Democratic US Senator’s Stroke Stalls Biden Agenda

A U.S. senator was resting in the hospital Wednesday after suffering a stroke from which he is expected to recover fully, although it poses problems for the Democrats’ agenda until his return. 

Ben Ray Lujan, 49, underwent brain surgery to relieve swelling late last week and remains hospitalized, according to his office, which added that he was expected back at work in four to six weeks “barring any complications.” 

As he recovers, Democrats effectively lose their advantage in the Senate, which is split 50-50, with Vice President Kamala Harris wielding the tie-breaking vote. 

Unlike in the House, senators must vote in person.  

Party rank-and-file members fear that advancing White House priorities such as a stalled social spending bill and a Supreme Court justice confirmation on a party-line vote may now prove complicated.  

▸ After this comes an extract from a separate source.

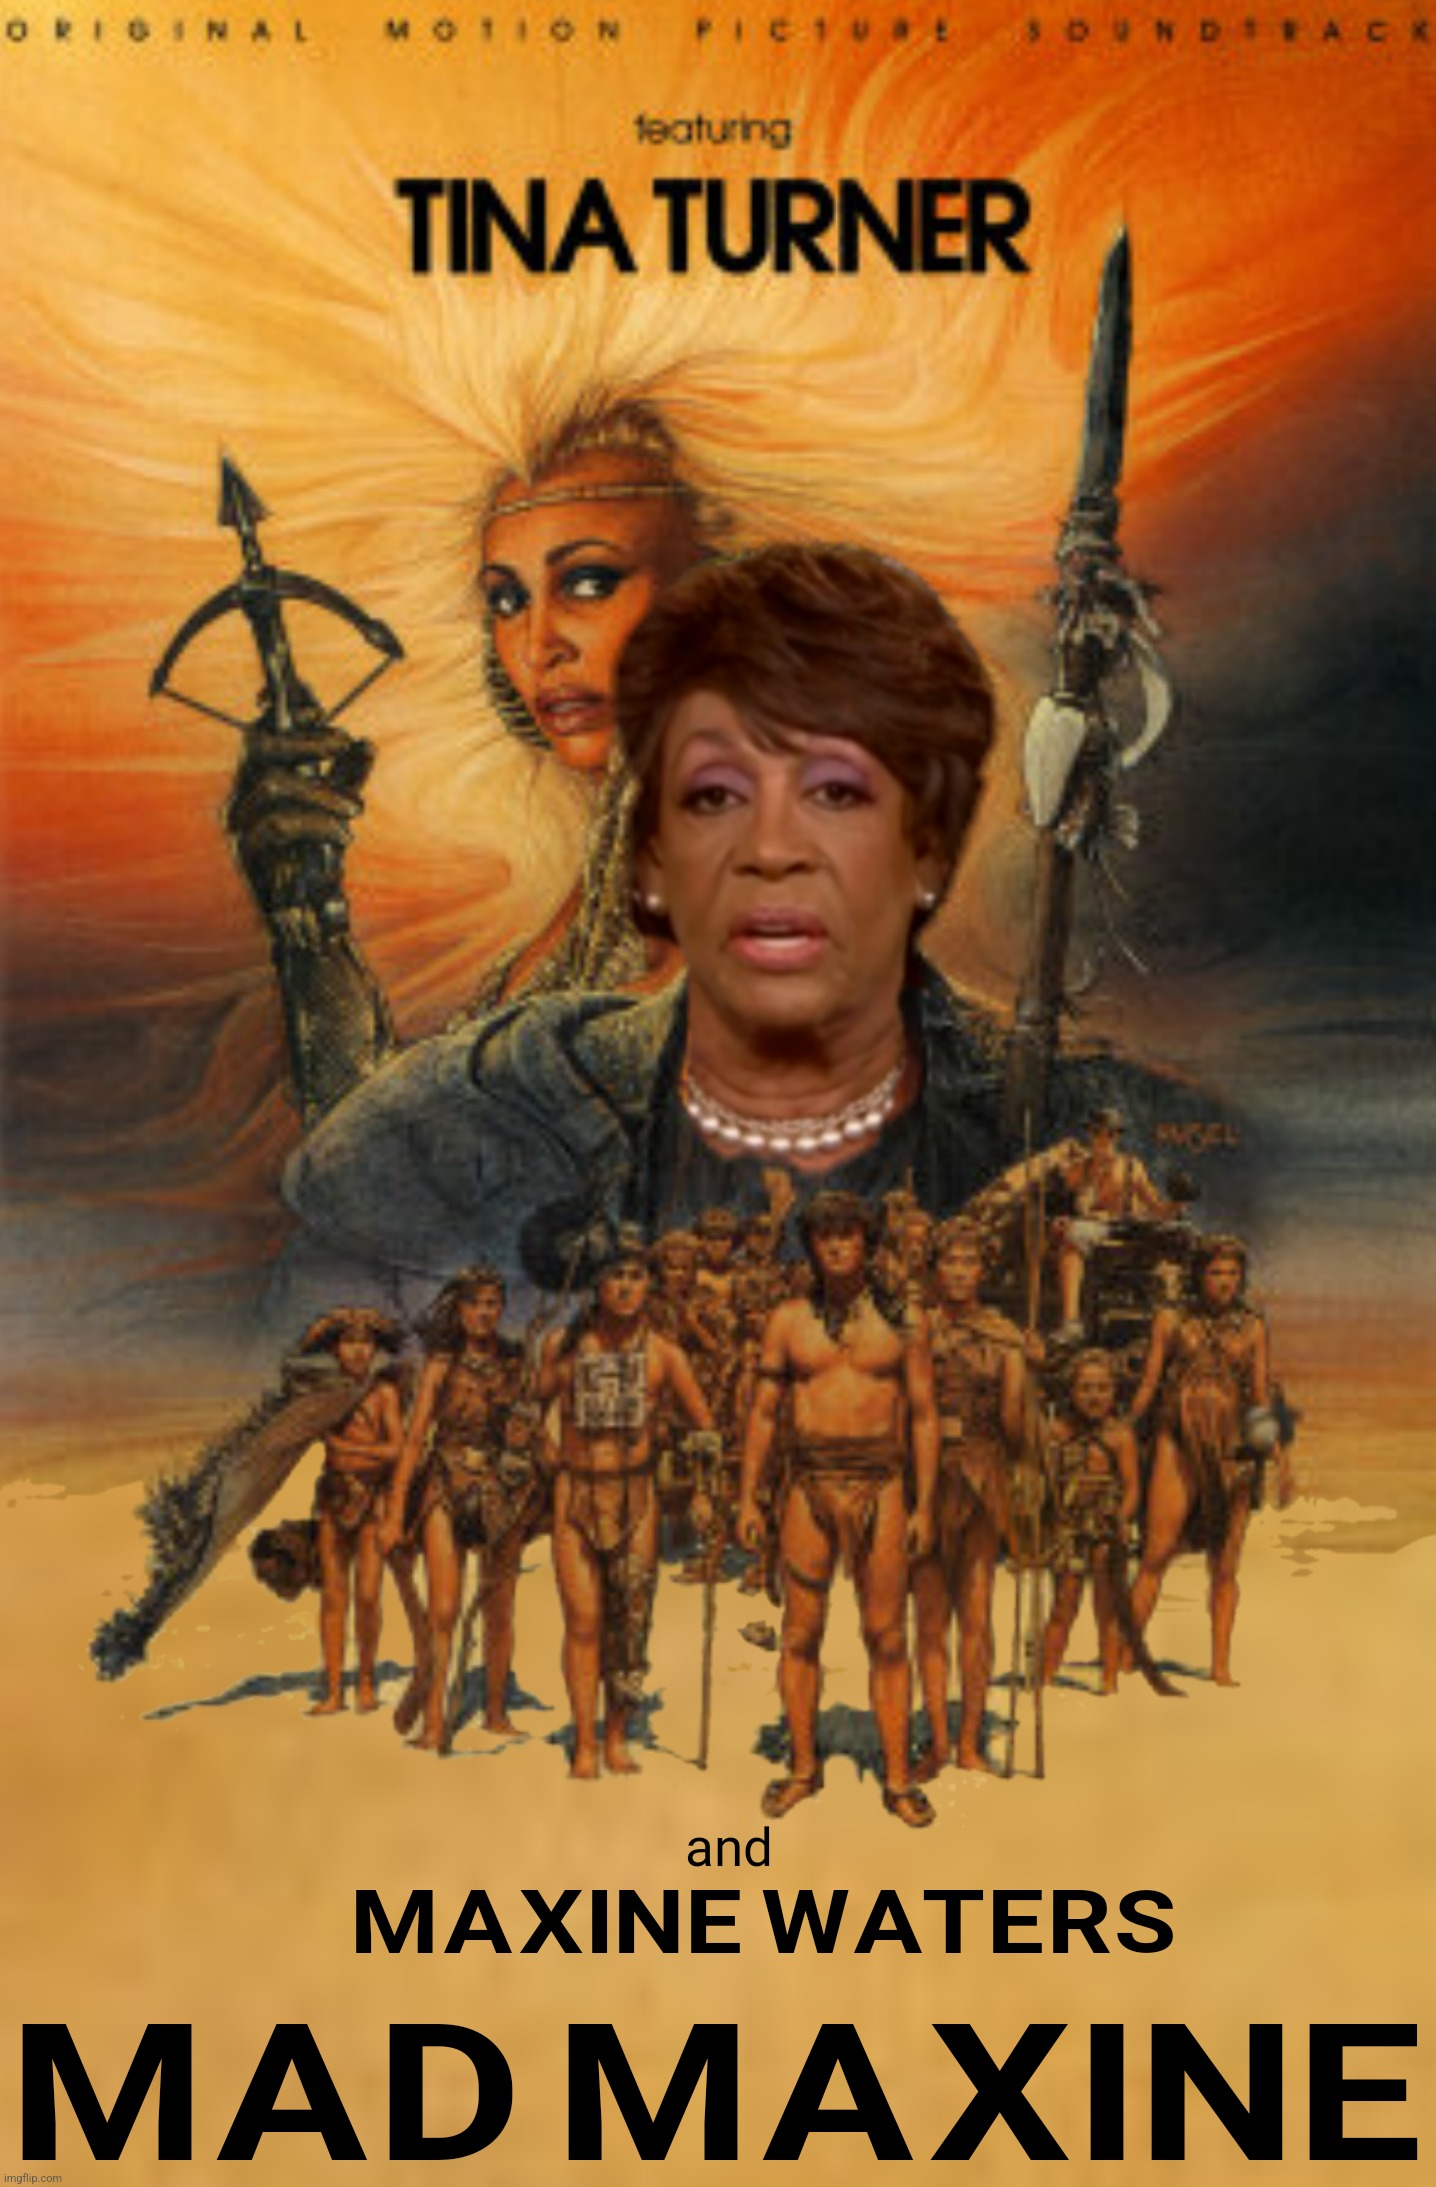 We Don't Need Another Zero | image tagged in bad photoshop,maxine waters,mad max,tina turner,maxinsurrection | made w/ Imgflip meme maker
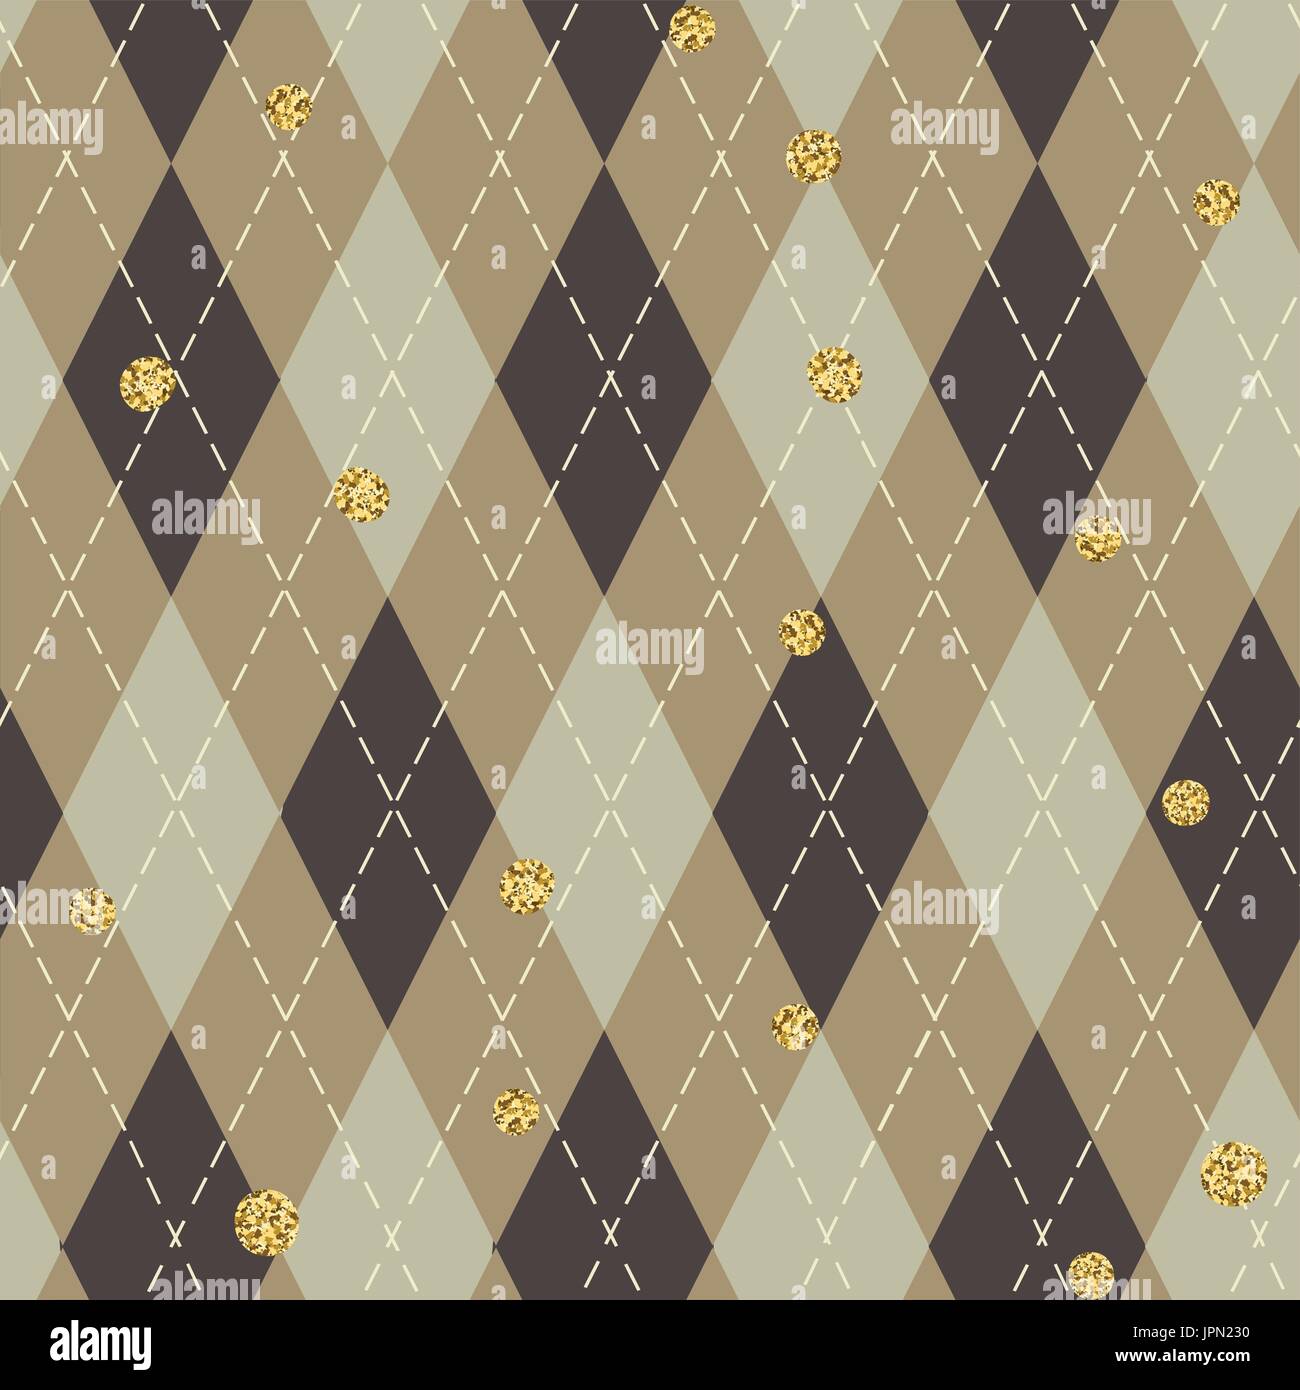 Seamless blue argyle pattern with chaotic golden dots. Traditional diamond check print. Vintage seamless background. Stock Vector

A brain bleed in 2006 took Democrat Tim Johnson out of Senate action for around nine months when he was 59 years old, while Republican Mark Kirk’s stroke in 2012 laid him low for a full year at age 52.  

Senate Majority Leader Chuck Schumer paid tribute to “one of the most beloved members of this body” and said senators were hopeful the freshman member from New Mexico would be “back to his old self before long.” 

Lujan’s chief of staff, Carlos Sanchez, said in a statement the senator began experiencing dizziness and fatigue on Thursday last week and checked himself into the hospital, where the stroke was identified.  

‘Life is precious’

“As part of his treatment plan, he subsequently underwent decompressive surgery to ease swelling,” Sanchez said. 

President Joe Biden plans to announce his nominee to replace retiring Supreme Court Justice Stephen Breyer by the end of this month and has vowed to pick a Black woman. 

The first Senate confirmation hearings would not likely take place until several weeks later, with a vote expected in late March at the earliest. 

But Biden will need at least one Republican vote if Lujan’s recovery takes more than a few weeks. 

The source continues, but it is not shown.